Offenbar ist aus organisatorischer Sicht und im Hinblick auf Investitionen der Boden für die Verwirklichung des Vorhabens noch nicht bereitet. Dadurch ist es unmöglich, wirklich attraktive Investitionsangebote zu unterbreiten. Es gäbe nur die Möglichkeit, die IAP geopolitisch aufzuwerten. In diesem Fall wäre jedoch der Hauptnutznießer oder sogar alleinige Nutznießer die Türkei, die über bedeutenden wirtschaftlichen und politischen Einfluss in Albanien verfügt. Das Gewicht der anderen potenziellen Projektbeteiligten auf der Bühne der Weltwirtschaft kann sich mit demjenigen Ankaras nicht messen. Es entstünde eine Situation, in der ein vermutlich mit EU-Geldern gefördertes Projekt die Möglichkeiten türkischer Einflussnahme ausgerechnet in einer derjenigen Regionen vergrößern würde, in denen Europa am verwundbarsten ist.
Zusammenfassend lassen sich folgende Faktoren benennen, die die Perspektiven des IAP-Projekts beeinflussen:
- die mangelnde Fähigkeit, sich ein Paket von Anfangsinvestitionen zu verschaffen, das in diesem Fall wegen der technischen Komplexität des Projekts jedoch von entscheidender Bedeutung ist. Dieser Faktor ist im Moment entscheidend. Und solange er nicht beseitigt wird, kann das IAP-Projekt höchstens theoretisch erörtert werden.
- die Notwendigkeit, die Lieferkapazitäten zu garantieren. Da die grundlegende Projektkapazität als gering veranschlagt wird, ist dieser Faktor von geringerer Bedeutung als bei anderen Projekten, aber er ist durchaus von Belang.
- politisch unlösbare, nichtwirtschaftliche Risiken (Umweltauflagen).
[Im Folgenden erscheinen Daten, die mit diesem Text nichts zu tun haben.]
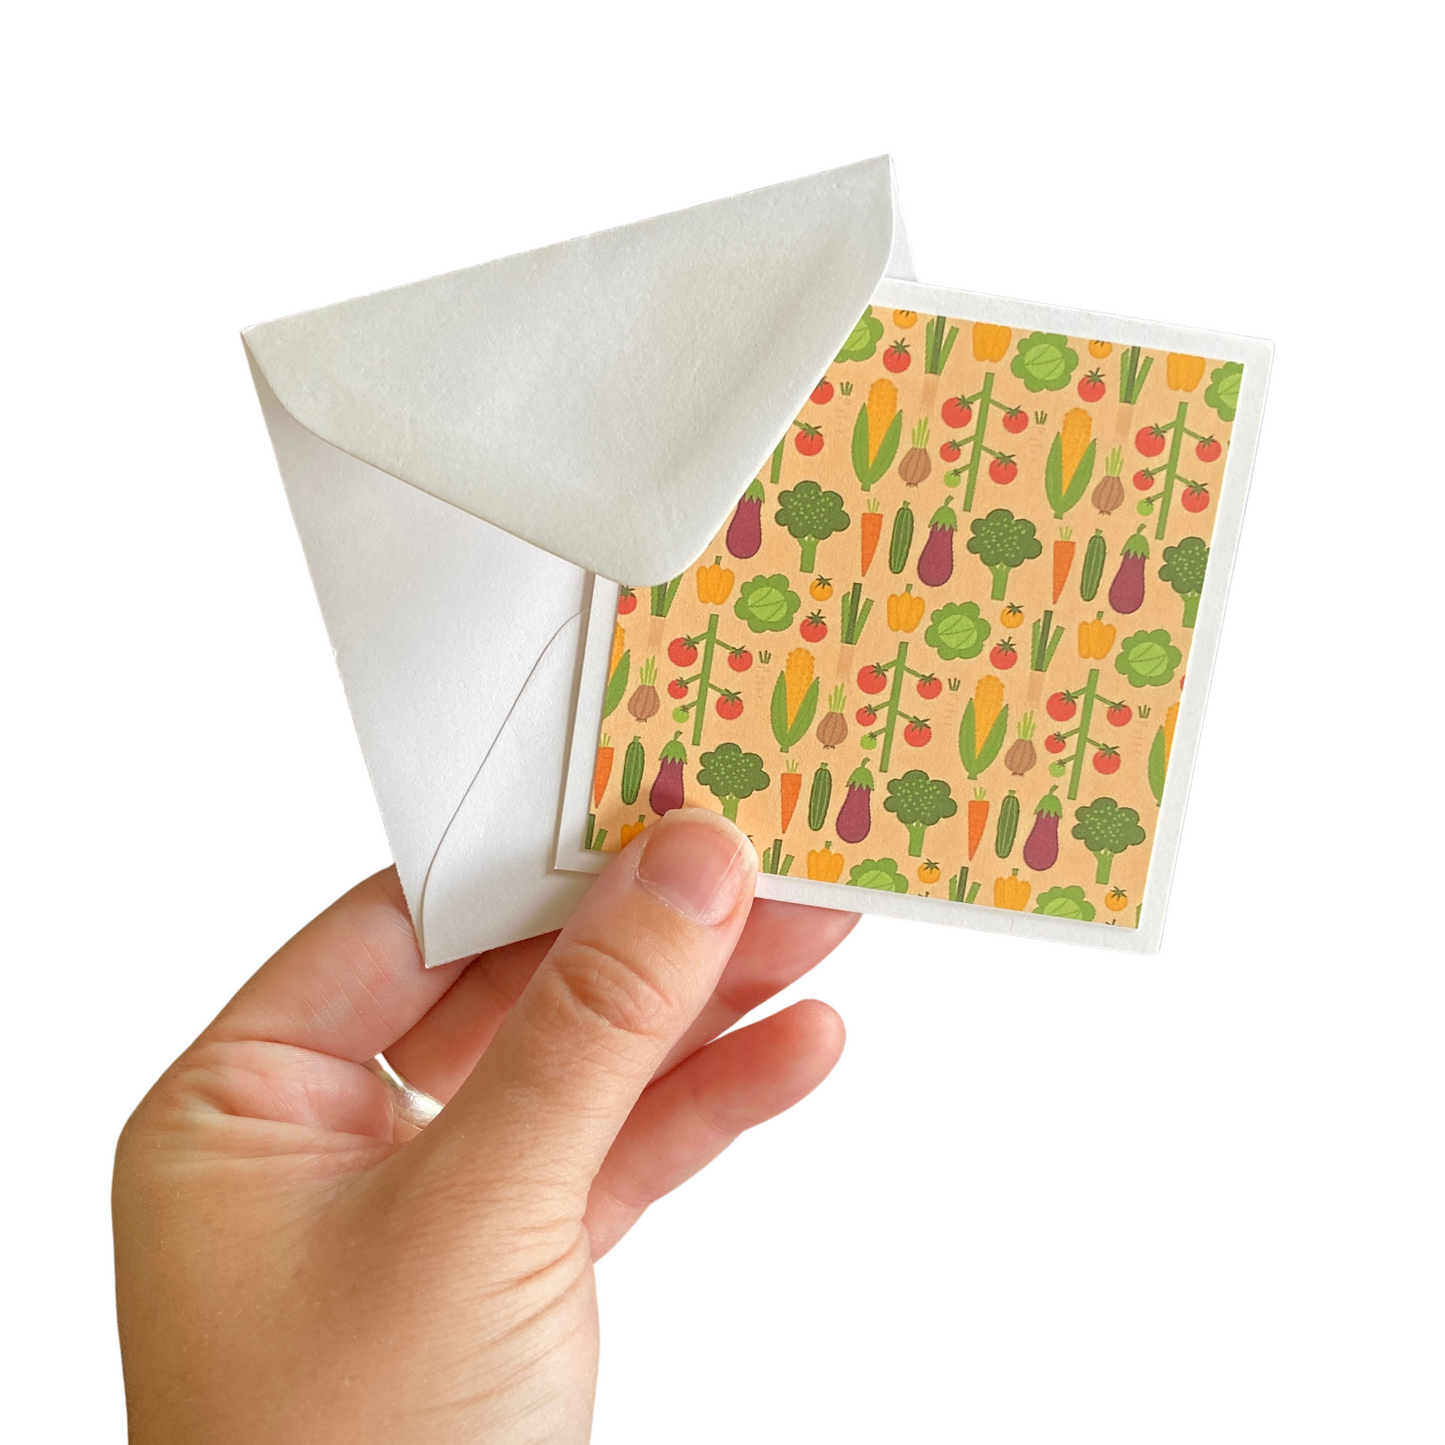 3x3 Grow Your Own Note Cards

Dies betrifft sowohl die EU als auch potenzielle amerikanische Projektbeteiligte.
- die unübersichtliche Lage bei anderen Projekten, die mit der Verwirklichung von Plänen zur infrastrukturellen Neuerschließung des Balkans, deren Teil die IAP ist, in Verbindung stehen. Die IAP kann natürlich auch als gesondertes Projekt realisiert werden, jedoch würde sie dann für Investoren erheblich an Attraktivität einbüßen.
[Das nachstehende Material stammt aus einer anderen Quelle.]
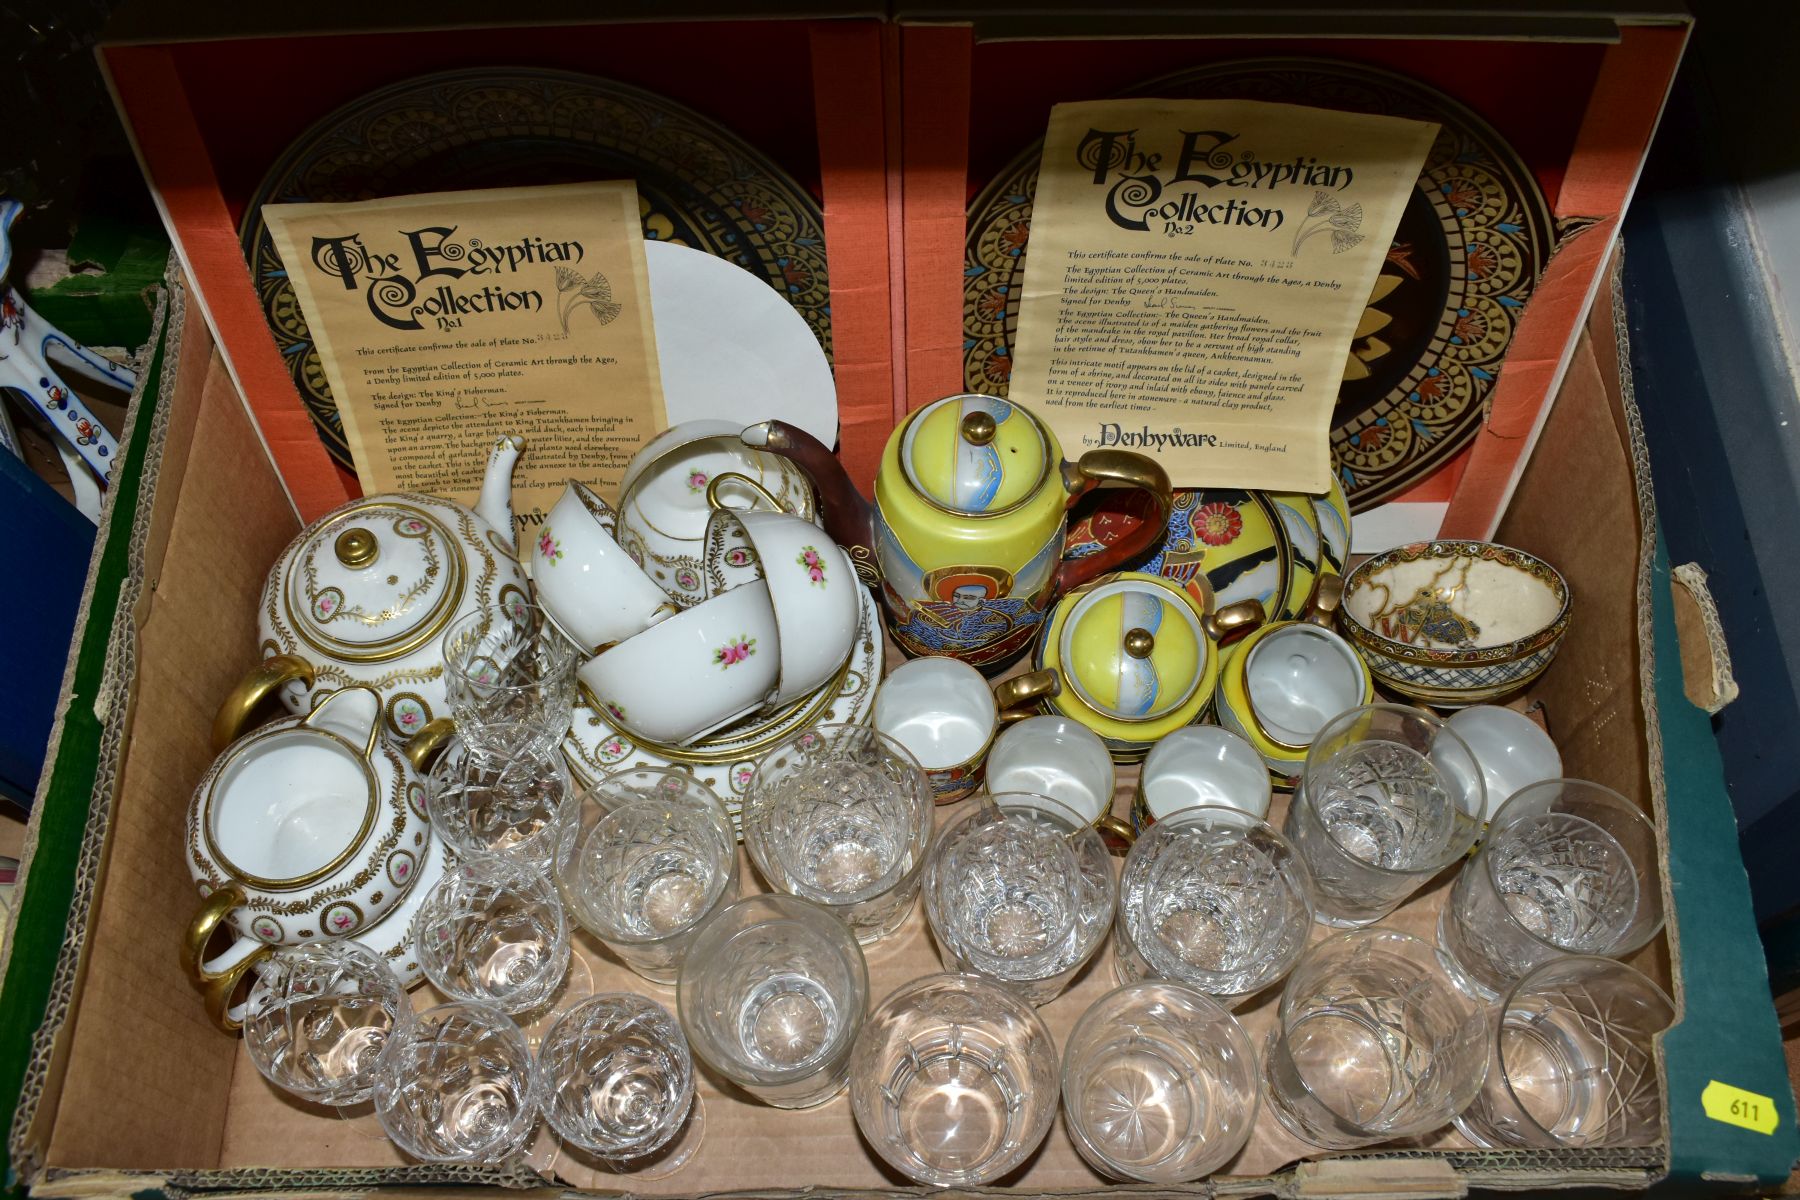 FOUR BOXES OF CERAMICS AND GLASSWARE, including two boxed Denbyware Egyptian collection plates, - Image 8 of 16

Es lässt sich vermuten, dass das gestiegene Interesse Brüssels am IAP-Projekt weitgehend informationstechnisch-manipulativer Natur ist, da die EU unter den gegenwärtigen Voraussetzungen versucht, zumindest teilweise zur Anfangsversion des „Vertikalen Korridors“ zurückzukehren. Genauso manipulativ ist auch das Interesse der USA, die die Bedeutung Serbiens als eines der Zentren der Gasverteilung in Südeuropa schmälern wollen. Erkennbar ist zudem das Ziel, weitere wirtschaftliche Unterstützer für Albanien zu finden, um den wirtschaftlichen Niedergang des Landes zu verhindern. Das Hauptproblem besteht darin, dass die Pipeline von Gaslieferungen auf der „türkischen“ Route abhängig wäre, was unweigerlich die Rolle der Türkei auf dem europäischen Gasmarkt stärken würde. Daher besteht die Gefahr einer Unterstützung des IAP-Projekts durch protürkische Kräfte, die beträchtliche finanzielle Interessen in Albanien verfolgen.